Abortion has become the most significant moral issue of the last half of the twentieth century in America. Do Orthodox Presbyterians believe that God's Word has anything to say about abortion?

The General Assembly of the Orthodox Presbyterian Church adopted a statement on children and abortion in 1971. It placed the denomination squarely in the pro-life camp. It reads in part:

Unborn children are living creatures in the image of God, given by God as a blessing to their parents. Between conception and birth they are the objects of God's particular providence and care as they are being prepared by God for the responsibilities and privileges of postnatal life. Scripture obligates us to treat unborn children as human persons in all decisions and actions involving them. They should not, therefore, be destroyed by voluntary abortion in the absence of valid medical grounds demonstrating the necessity of such abortion to save the mother's life. . . . Presbyteries, sessions and congregations [are] encouraged by the assembly to carry on further study of these matters, so that Christians may be better instructed concerning the Scriptural principles involved, and so that they might be motivated to take appropriate action relative to pending civil legislation or other pertinent situations in their communities.[1]
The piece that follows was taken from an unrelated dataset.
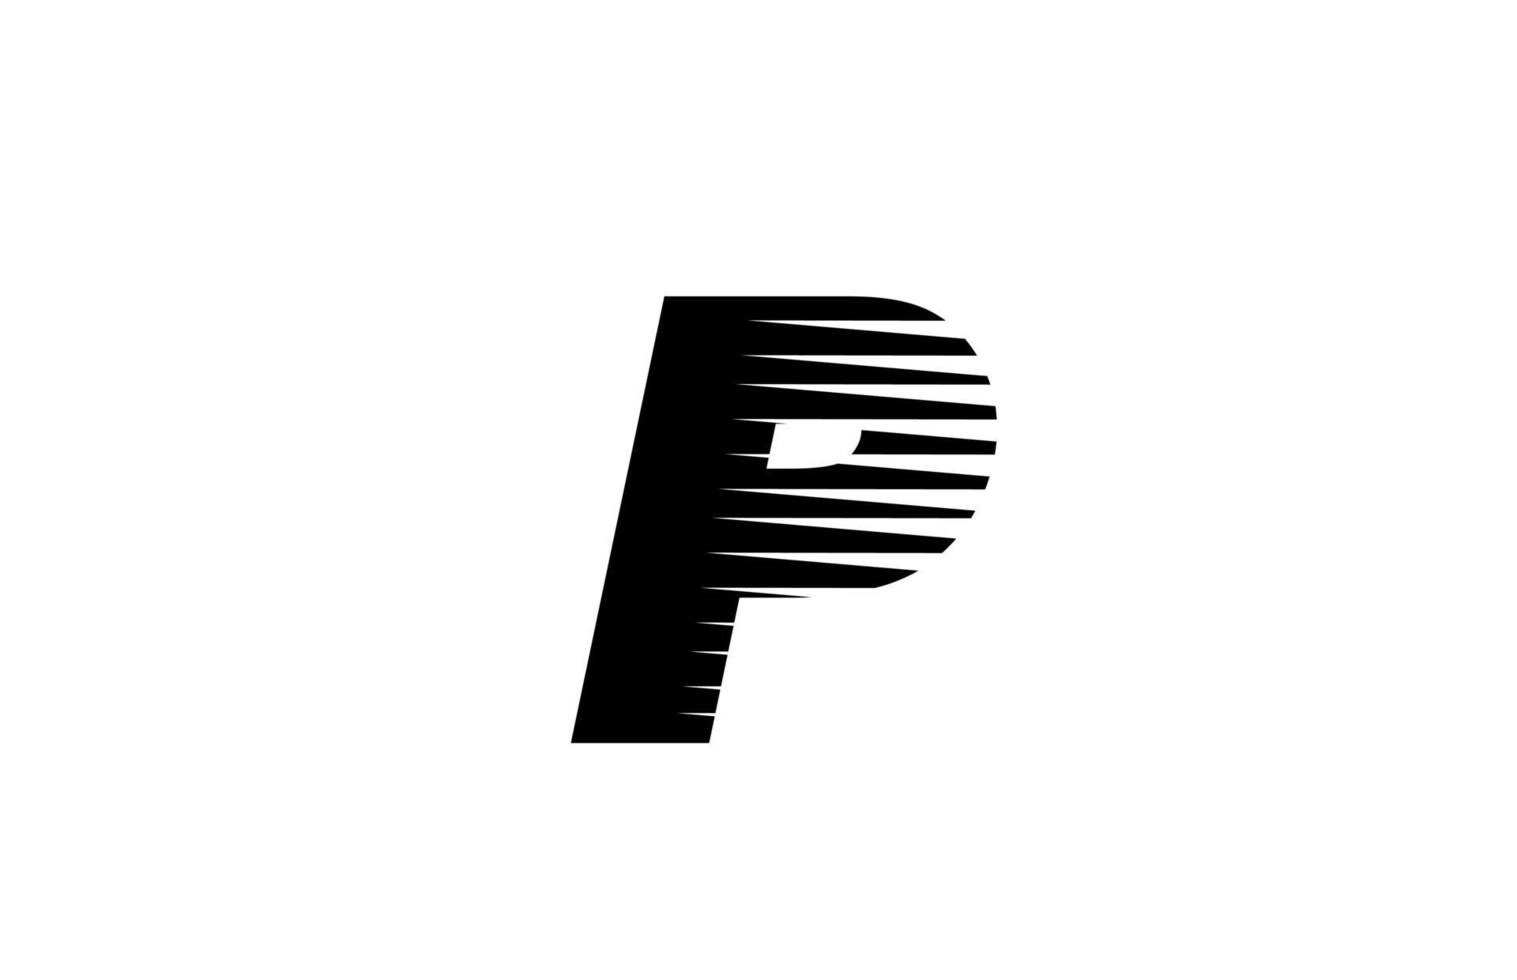 lijn strepen p alfabet letterpictogram logo voor zaken en bedrijf. eenvoudig zwart-wit letterontwerp voor identiteit vector

A complete copy of the General Assembly's study on abortion may be obtained through your church's office [or by clicking here].

How did the OPC come to this position? As in all issues of morality, Christian behavior and action are to be decided not by the constantly changing trends of society, but by the unchanging standard of God's written Word.

As we search the Scriptures for God's will concerning abortion, we find that the whole abortion issue can be reduced to one question: Is the fetus in the womb of the mother a human life? If the answer is yes, then abortion for the sake of convenience is murder, and the Christian church has the obligation to teach its members to protect and nourish the life of the unborn child. The sixth commandment gives an absolute prohibition against murder (Exodus 20:13), and so murder is never, under any circumstances, to be regarded as a moral option.

Often supporters of abortion confuse the issue by pointing to the financial and emotional hardships that both mother and child will face if a pregnancy is carried to full term. Certainly, the pressing social hardships surrounding unwanted pregnancies are enormous, but if an unborn child is a human life, some way of treating the problem must be found other than licensing the hospitals and clinics of our nation to perform mass executions of unwanted children.

So is a fetus in the womb of the mother a human life? I believe the Bible answers with a resounding yes! Consider the following evidence:

1. God relates in a personal way to the unborn child (Pss. 139:13-14; 51:5; Jer. 1:5; Luke 1:44). He does so because the child is created in his image.[2]

2. The Bible teaches that both conception and birth occur because of the sovereign rule of God (Gen. 21:1-2; 30:1-2; 1 Sam. 1:19-20; Job 31:15; 33:4; Pss. 100:3; 127:3). "It would be a willful act of defiance against the Creator intentionally to kill an unborn child whose conception is so intimately a divine as well as a human act."[3]

3. The Greek word for "child" in Luke 2:12 (brephos) is used in Luke 1:41, 44 to refer to John the Baptist while he was in his mother's womb. A Hebrew word for "child" (yeled) is used of the unborn in the mother's womb (Ex. 21:22).[4]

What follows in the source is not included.